Amgix Now (sync)serves 2064 search requests with 3ms p50 and 10ms p95, while performing hundreds of synchronous writes to the database.
This last result is counterintuitive, until you consider what happens under the hood:
- At this load the engines perform close to the saturation point of all 4 CPU cores.
- When writes are slower (waiting more), search path gets to use more CPU cycles and is able to serve requests faster.
1000 Concurrent Users
At 1000 users, all 4 CPU cores are saturated. Amgix Now writes are slower. Nevertheless, searches are still sub-50ms and in the case of sync configuration, Amgix Now serves 2366 requests per second with 13ms p50.
| Elasticsearch | Amgix Now | Amgix Now (sync) | |
|---|---|---|---|
| search p50 (ms) | 210 | 49 | 13 |
| upsert p50 (ms) | 40 | 6 | 58 |
| delete p50 (ms) | 42 | 5 | 47 |
| search p95 (ms) | 370 | 210 | 150 |
| upsert p95 (ms) | 77 | 38 | 260 |
| delete p95 (ms) | 76 | 34 | 190 |
| search RPS | 1732.4 | 2340.3 | 2366.4 |
| upsert RPS | 397.2 | 542.9 | 551.7 |
| delete RPS | 19.2 | 28.7 | 29.5 |
| Total RPS | 2148.8 | 2881.9 | 2947.6 |
8 CPU Cores (1500 Users)
We were curious how Amgix Now does at even higher load with more CPU cores. Here are the numbers:
| Elasticsearch | Amgix Now | Amgix Now (sync) | |
|---|---|---|---|
| search p50 (ms) | 190 | 63 | 30 |
| upsert p50 (ms) | 43 | 8 | 45 |
| delete p50 (ms) | 39 | 7 | 38 |
| search p95 (ms) | 370 | 160 | 110 |
| upsert p95 (ms) | 87 | 20 | 240 |
| delete p95 (ms) | 85 | 17 | 170 |
| search RPS | 2732.9 | 3324.2 | 3481.4 |
| upsert RPS | 659.8 | 780.4 | 808.3 |
| delete RPS | 34.2 | 42.8 | 40.4 |
| Total RPS | 3426.9 | 4147.4 | 4330.1 |
Amgix Now write paths remained very fast, 7-8ms p50, processing about 820 ops per second. Searches are still fast with 63ms p50, while serving 3324 RPS.
Pure Writes on Amgix Now
As one final data point, we ran pure upsert workload on Amgix Now (default async config, 4 CPU cores). We wanted to see where the ceiling was. We ramped it up to 1500 Locust users, doing upserts only. After over 1M upserts, the numbers were:
| Amgix Now | |
|---|---|
| p50 (ms) | 24 |
| p95 (ms) | 550 |
| RPS | 2946 |
| Errors | 0 |
Takeaways
Amgix Now maintained single-digit millisecond p50 latencies across all operations up to 800 concurrent users on 4 CPU cores. Upsert/delete numbers are in single-digits across all tested configurations. At 1000 users, as CPU resources began to saturate, search p50 grew to 49ms. At 1500 users on 8 CPU cores, Amgix Now was able to serve 4147 (default) and 4330 (sync) total RPS.

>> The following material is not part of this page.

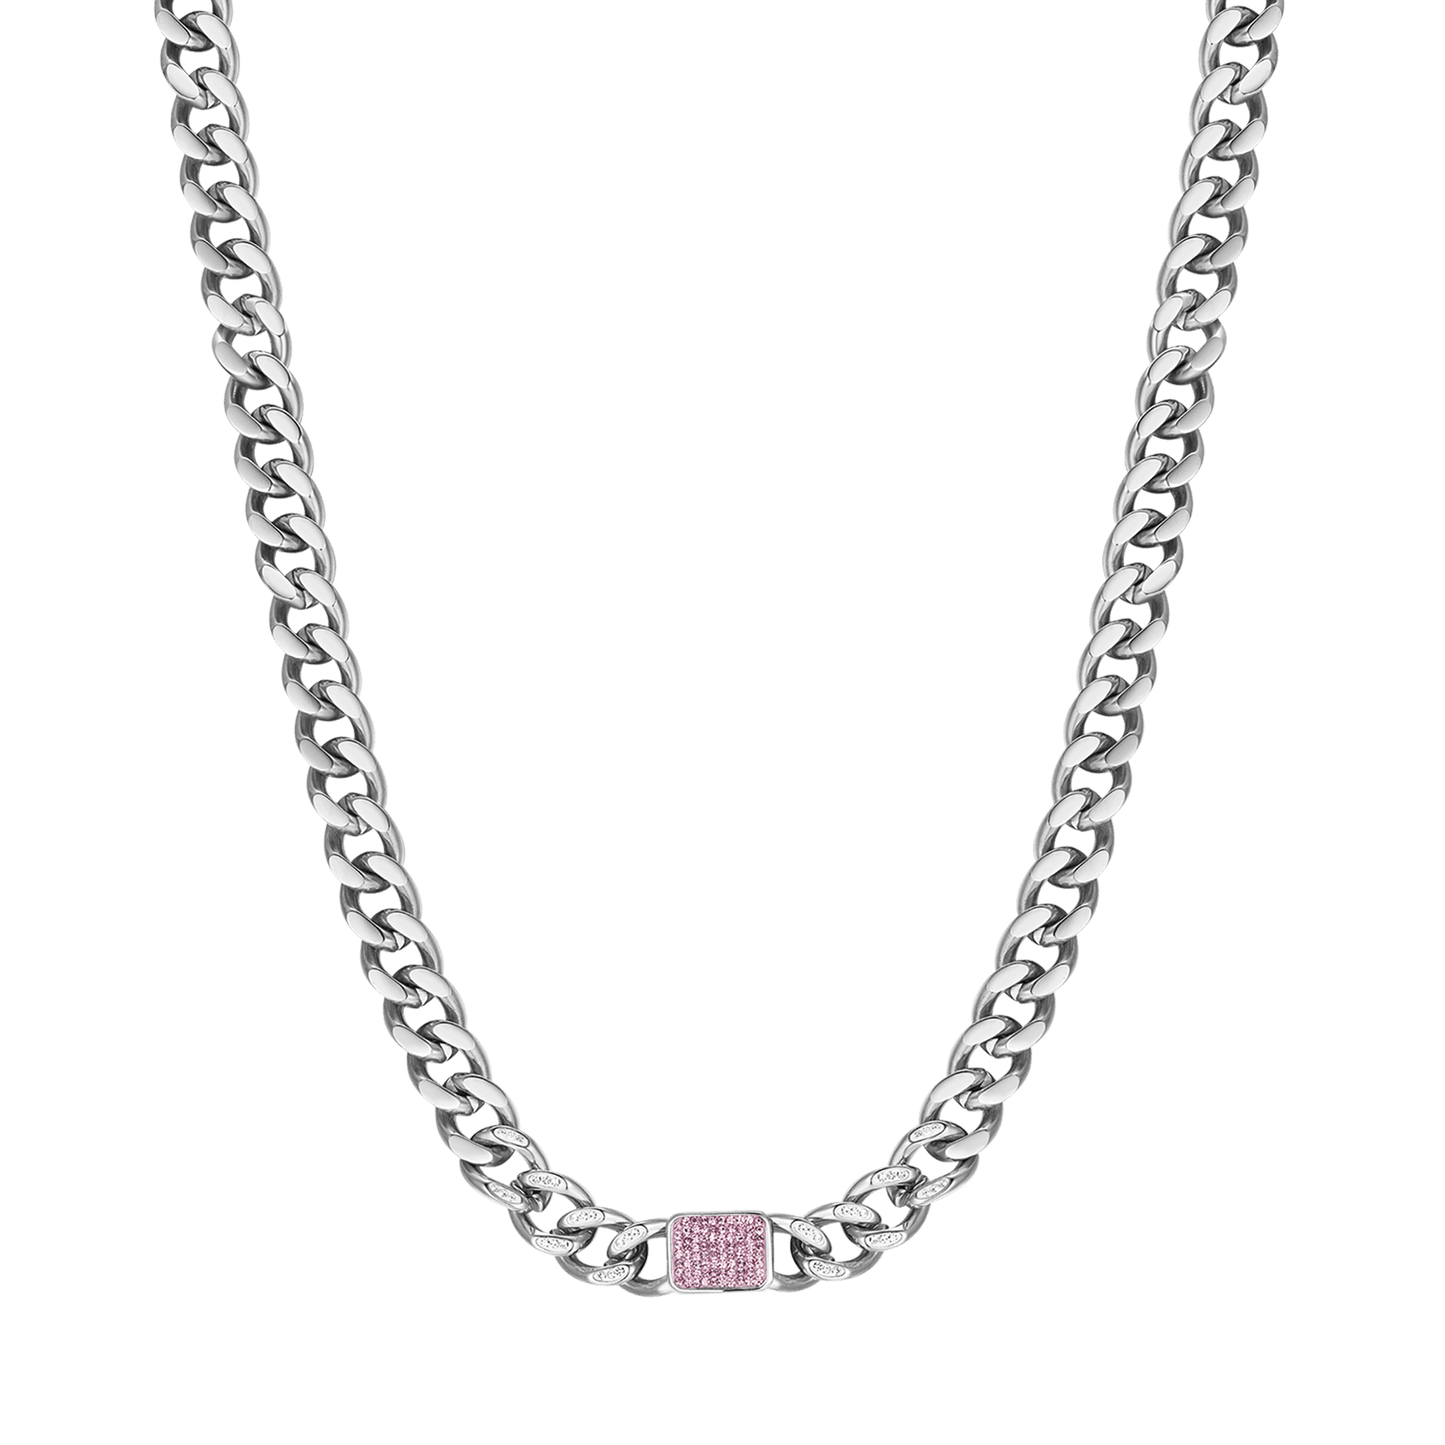 STEEL WOMEN'S NECKLACE WITH FUCHSIA CRYSTALS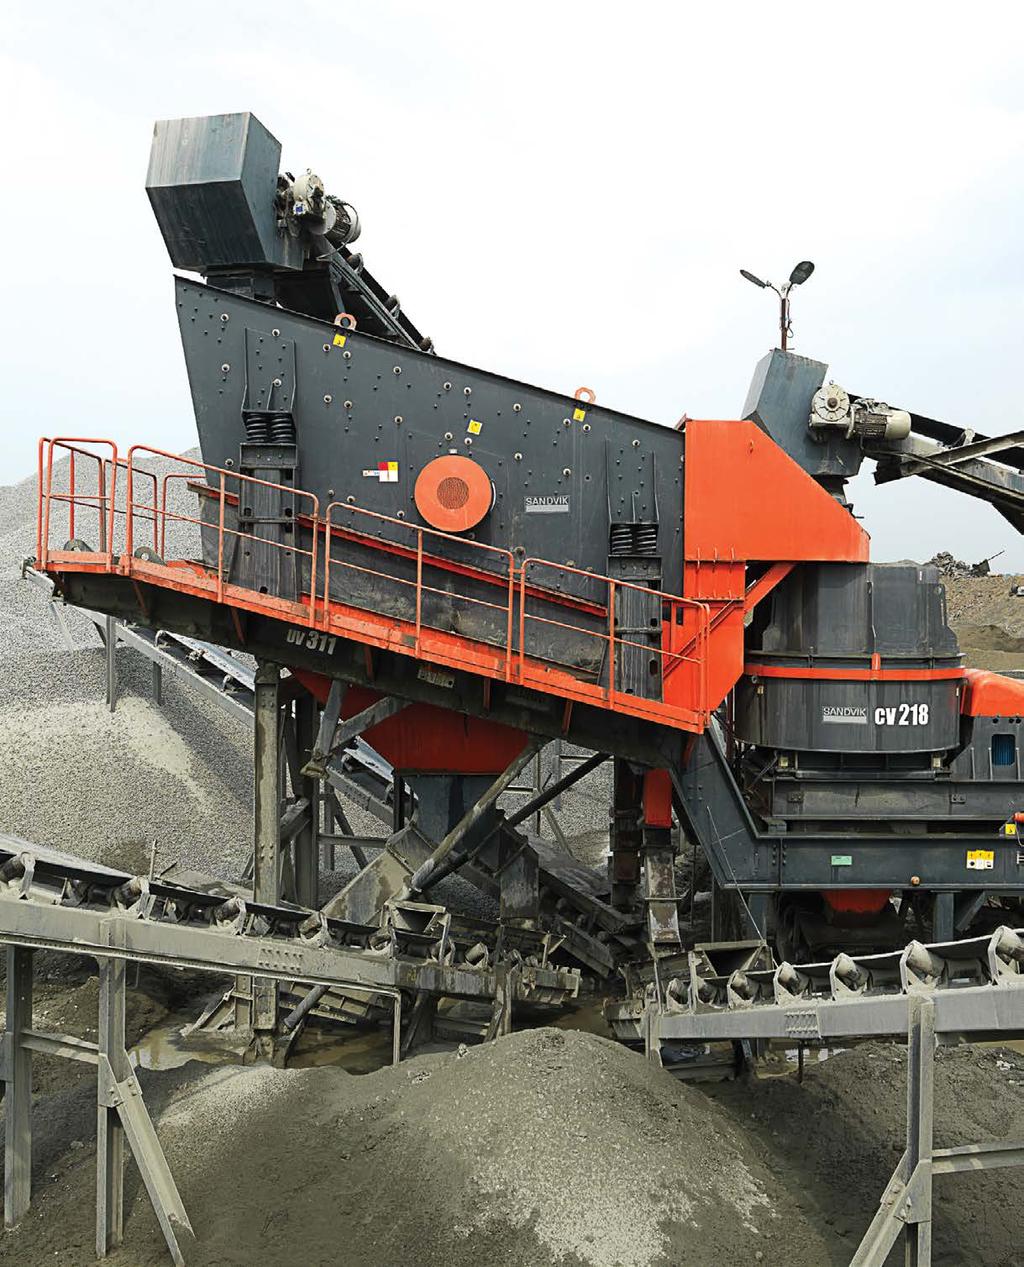 VSI IMPACT CRUSHER VSI IMPACT CRUSHER AND SCREENING UNIT Our VSI range of wheeled units combine our state of the art VSI crusher technology with a Sandvik screen to provide

Enabling fully synchronous writes (AMGIX_NOW_SYNC_DB_WRITES=true) resulted in faster search latencies at the cost of slower writes - a useful tradeoff for applications that prioritize search speed over write throughput. But the tests also demonstrate that synchronous writes, even at very high concurrency, are still pretty fast.